Изменить размер шрифта - +
Помнишь, года два назад ты  так  же  на  рассвете
дописывал мне доверенности, улетал в Кисловодск?
   - Теперь в Кисловодске немцы, - сказал он.
   Гетманов прошелся по комнате, прислушался:
   - Спят?
   - Конечно, спят, - сказала Галина Терентьевна.
   Они прошли в комнату  к  детям.  Странно  было,  как  эти  две  полные,
массивные фигуры бесшумно движутся в полутьме. На  белом  полотне  подушек
темнели головы спящих детей... Гетманов вслушивался в их дыхание.
   Он прижал ладонь к груди, чтобы не потревожить спящих  гулкими  ударами
сердца. Здесь, в полумраке, он  ощущал  щемящее  и  пронзительное  чувство
нежности,  тревоги,  жалости  к  детям.  Страстно  хотелось  обнять  сына,
дочерей,  поцеловать  их  заспанные  лица.  Здесь  ощущал  он  беспомощную
нежность, нерассуждающую любовь, и  здесь  он  терялся,  стоял  смущенный,
слабый.
   Его не пугали и не волновали мысли о предстоящей новой для него работе.
Ему часто приходилось  браться  за  новую  работу,  он  легко  находил  ту
правильную линию, которая и была главной линией. Он знал, - и  в  танковом
корпусе он сумеет осуществить эту линию.
   Но  здесь,  -  как  связать  железную  суровость,   непоколебимость   с
нежностью, с любовью, не знающей ни закона, ни линии.

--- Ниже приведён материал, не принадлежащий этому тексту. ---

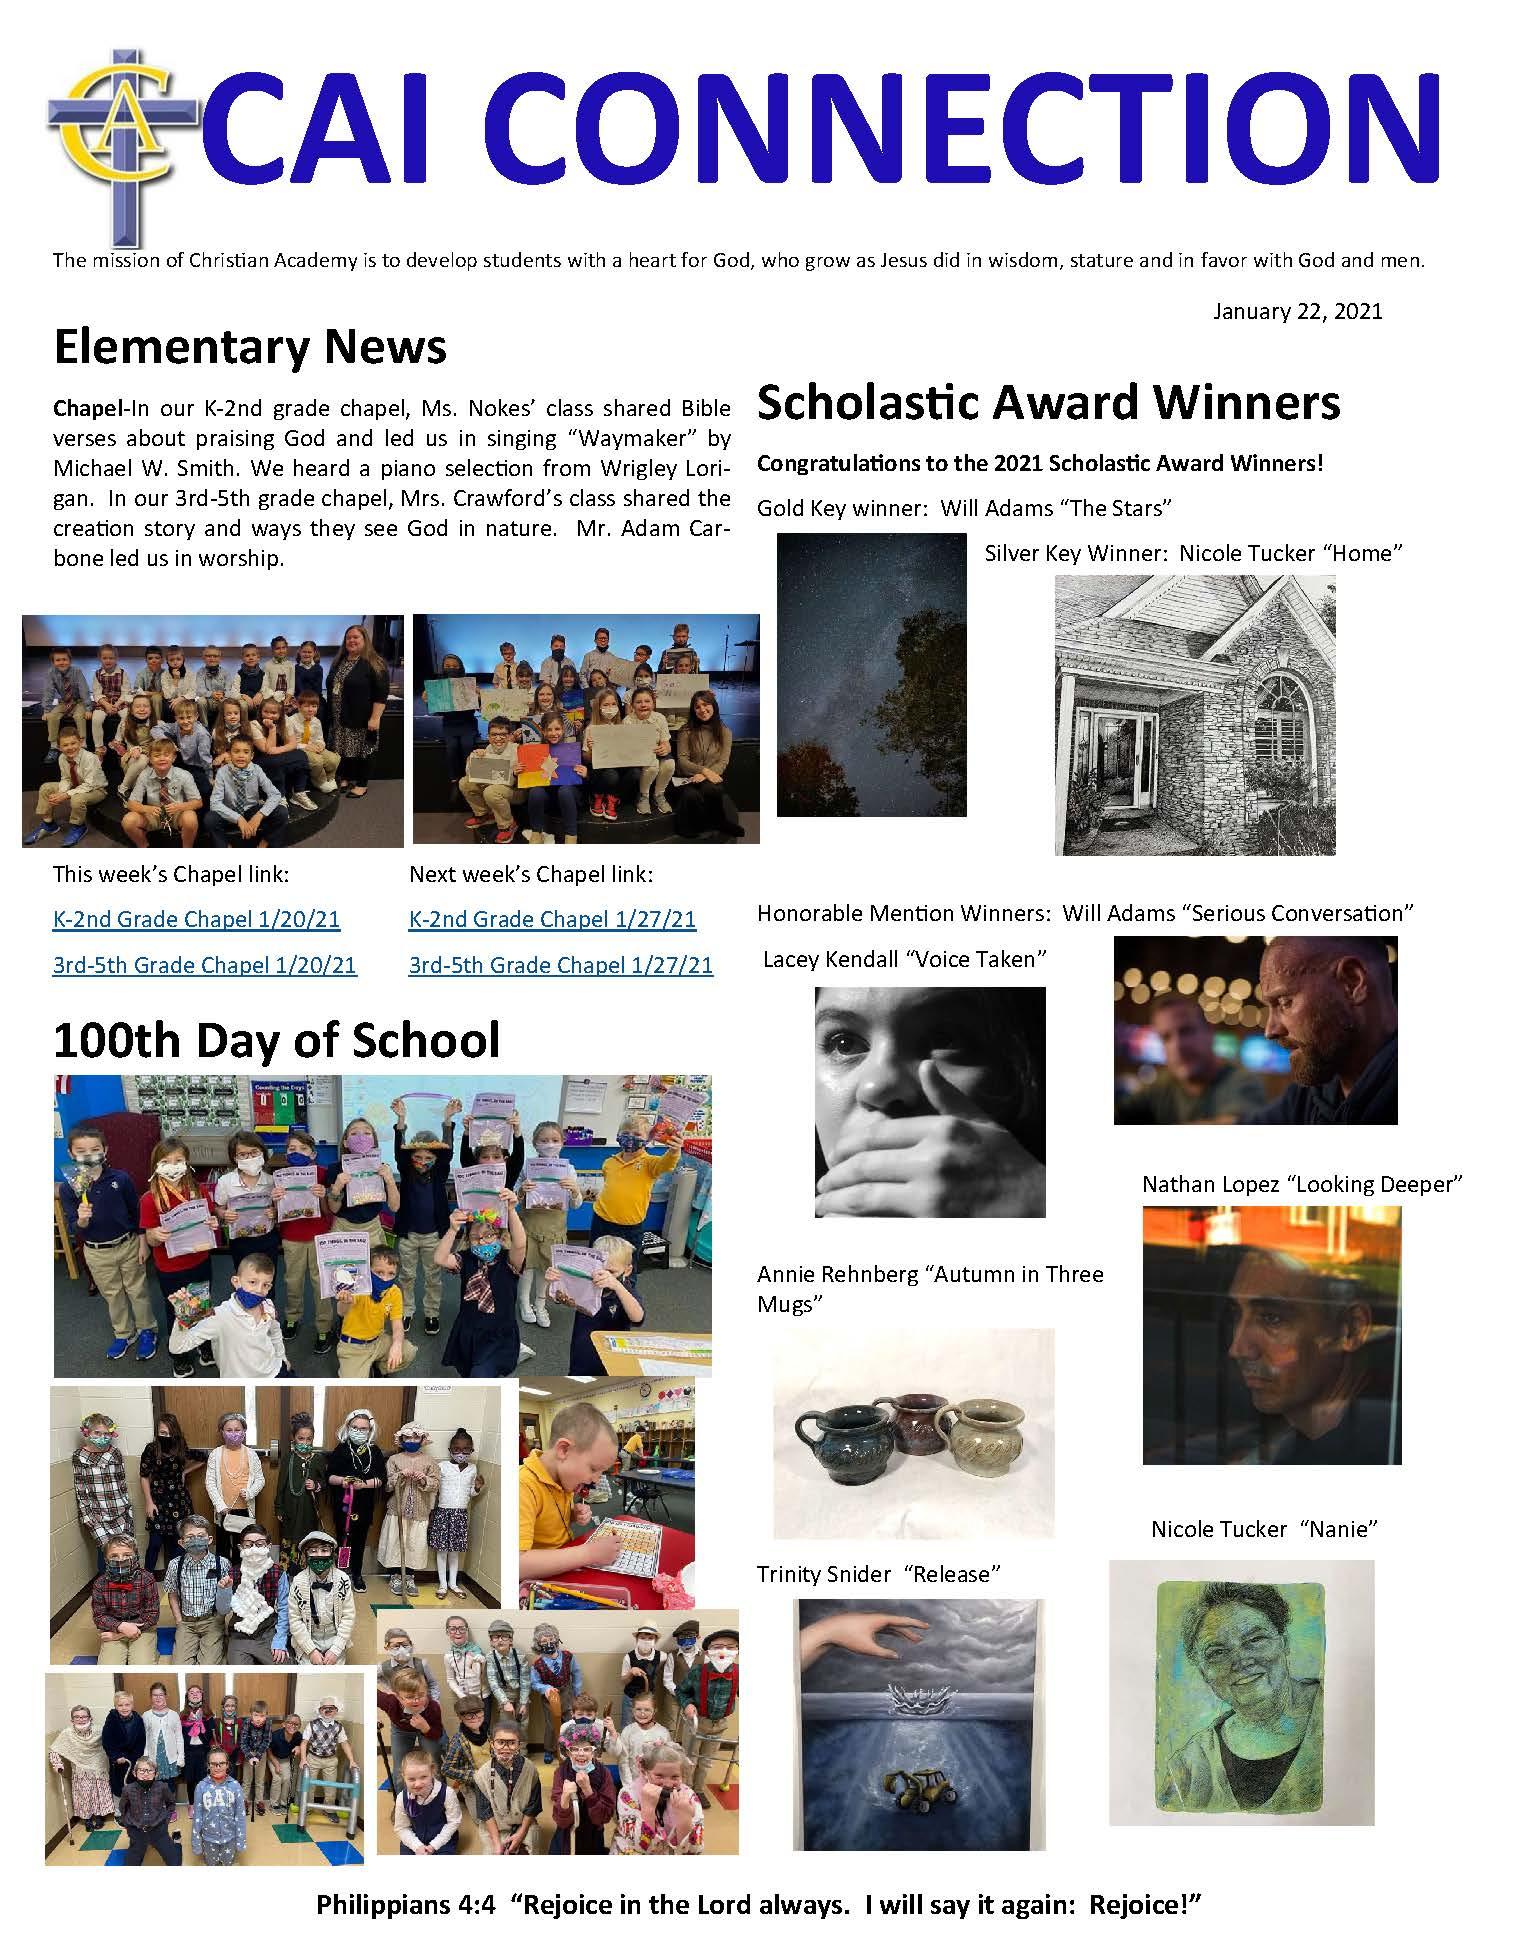 Christian Academy School System   Christian Academy of Indiana   CAI Connection   January 15, 2021

   Он оглянулся на жену. Она стояла, по-деревенски подперев щеку  ладонью.
В полумраке лицо ее казалось похудевшим, молодым, такой  была  она,  когда
они в первый раз после женитьбы поехали к морю, жили в санатории "Украина"
над самым береговым обрывом.
   Под окном  деликатно  прогудел  автомобиль  -  это  пришла  обкомовская
машина. Гетманов снова повернулся к детям и развел руками,  в  этом  жесте
выражалась  его  беспомощность  перед  чувством,  с  которым  не  мог   он
совладать.
   В коридоре он после прощальных слов и поцелуев надел полушубок, папаху,
стоял, выжидая, пока водитель машины вынесет чемоданы.
   - Ну вот, - сказал он и вдруг снял с  головы  папаху,  шагнул  к  жене,
снова  обнял  ее.  И  в  этом  новом,  последнем  прощании,  когда  сквозь
полуоткрытую дверь, смешиваясь с домашним теплом, входил сырой и  холодный
уличный воздух, когда шершавая, дубленая шкура  полушубка  прикоснулась  к
душистому шелку халата, оба они ощутили, что их жизнь, казавшаяся  единой,
вдруг раскололась, и тоска ожгла их сердца.



23

   Евгения Николаевна Шапошникова поселилась в Куйбышеве у  старушки-немки
Женни Генриховны Генрихсон, в давние времена служившей воспитательницей  в
доме Шапошниковых.
   Странным казалось Евгении  Николаевне  после  Сталинграда  очутиться  в
тихой комнатке рядом со старухой, все удивлявшейся, что маленькая  девочка
с двумя косами стала взрослой женщиной.
   Жила Женни Генриховна в полутемной комнатке,  когда-то  отведенной  для
прислуги в большой купеческой  квартире.  Теперь  в  каждой  комнате  жила
семья, и каждая комната делилась с помощью  ширмочек,  занавесок,  ковров,
диванных спинок на уголки и закуты, где спали, обедали, принимали  гостей,
где медицинская сестра делала уколы парализованному старику.